To install MongoDB, we nee to configure the package management system. Here Yum for example.

1.Create a /etc/yum.repos.d/mongodb-org-3.2.repo file with root privilege so that you can install MongoDB directly, add:

[mongodb-org-3.2]
name=MongoDB Repository
baseurl=https://repo.mongodb.org/yum/redhat/$releasever/mongodb-org/3.2/x86_64/
gpgcheck=1
enabled=1
gpgkey=https://www.mongodb.org/static/pgp/server-3.2.asc

2.Install the MongoDB packages and associated tools.

sudo yum -y install mongodb-org

3.Before we start the Mongod service, we need to edit /etc/mongo.conf first. Since we are building a MongoDB cluster, we need to let each MongoDB node to bind the internal network kIP address. We will use default setting for other configurations.

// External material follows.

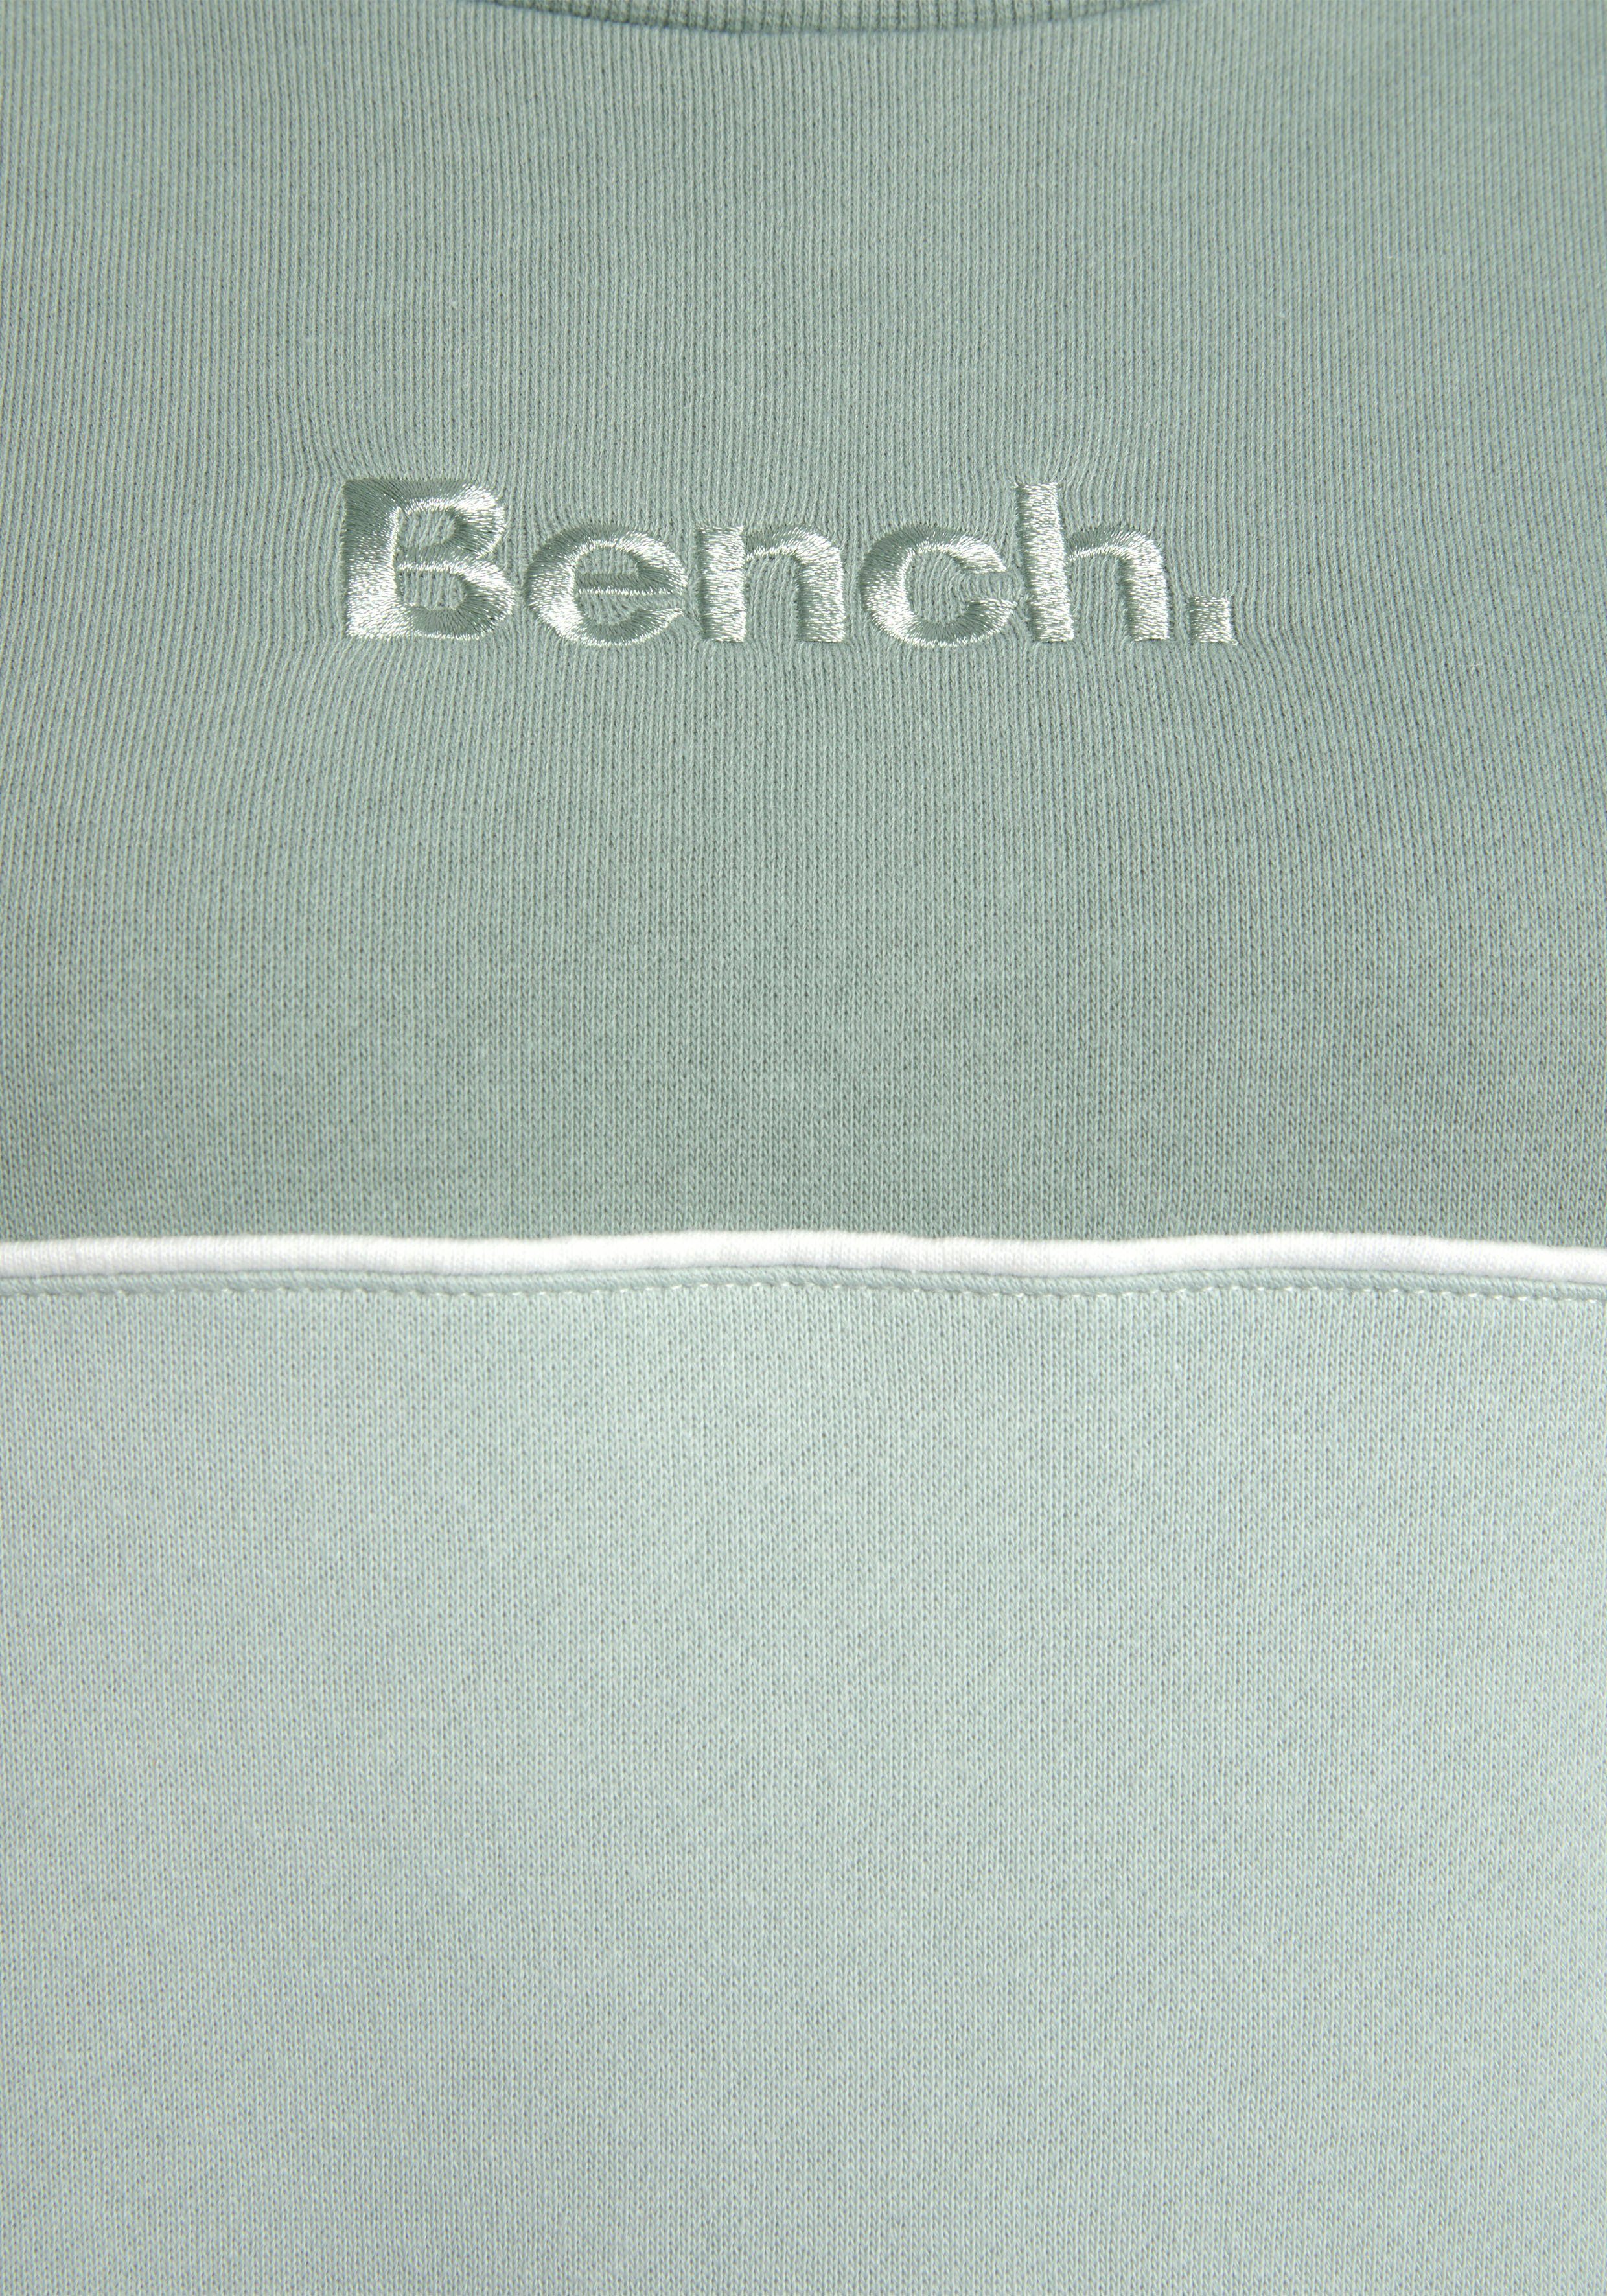 Bench. Sweatkleid in Logostickerei mit zwei Farben grün-graugrün

Deploy a Sharded MongoDB Cluster

A sharded cluster can be deployed in the Cloud Manager, Ops Manager or with command lines.

A sharded MongoDB cluster includes config server and shard server.

Create the Config Server Replica Set

1.Start each member of the config server replica set. It's recommended to have at least three members within a config server replica set in production deployment for load balancing and fail safe. But I create a single-member replica set here for testing purposes.

2.Modify configuration file /etc/mongo.conf:

sharding:
  clusterRole: configsvr
replication:
  replSetName: <setname>

3.Start the mongod service.

sudo service mongod start

4.Initiate the replica set using the rs.initiate() method and a configuration document:

rs.initiate(
  {
    _id: "<replSetName>",
    configsvr: true,
    members: [
      { _id : 0, host : "cfg1.example.net:27017" }
    ]
  }
)

Create the Shard Replica Sets

1.Start each memeber of the shard replica set within the shard server.

2.Modify configuration file /etc/mongo.conf:

sharding:
  clusterRole: shardsvr
replication:
  replSetName: <replSetName>

3.start the mongod service.

sudo service mongod start

4.Initiate the replica set using rs.initiate() method:

rs.initiate(
  {
    _id : <replicaSetName>,
    members: [
      { _id : 0, host : "s1-mongo1.example.net:27017" }
  }
)

Connect a mongos to the sharded cluster

1.Modify the configuration file, set the sharding.configDB to the config server replica set name and at least one member of the replica set in /host:port format.

sharding:
  configDB: <configReplSetName>/cfg1.example.net:27017,...

2.Connect a mongo shell to the mongos.

mongos --host ip --port 27017

Add Shards to the cluster

1.Use the sh.addShard() method within mongo shell to add each shard to the cluster. If the shard is a replica set, specify the name of the replica set and specify a member of the set. In production deployments, all shards should be replica sets. Before doing so, make sure Sharding is enabled for a database. To proceed, you must be connected to a mongos associated to the target sharded cluster.

sh.addShard( "<replSetName>/s1-mongo1.example.net:27017")

2.Before you can shard a collection, you must enable sharding for the collection’s database. Enabling sharding for a database does not redistribute data but make it possible to shard the collections in that database. Once you enable sharding for a database, MongoDB assigns a primary shard for that database where MongoDB stores all data in that database. Use the sh.enableSharding() method to enable sharding on the target database.

sh.enableSharding("<database>")

3.To shard a collection, use the sh.shardCollection() method. You must specify the full namespace of the collection and a document containing the shard key. The database must have sharding enabled.

sh.shardCollection("<database>.<collection>", { <key> : <direction> } )

Jupyter Notebook Installment

To use Jupyter notebook, there are two ways to install it. One way is to use easy_install or pip, another way is to install through Anaconda. Anaconda is one of the best open data science platform powered by Python. It helps to manage and switch multiple isolated Python environments easily.

To install, you need to download the installer from its website based on your Operating System. After installment, you will need to install PyMongo for accessing MongoDB and ObsPy for accessing Seismic Processing libraries.

conda install pymongo
conda config --add channels conda-forge
conda config --add channels obspy
conda install obspy

Since we only need to execute our notebook on the head node. Hence, this step only needs to be performed on the head node.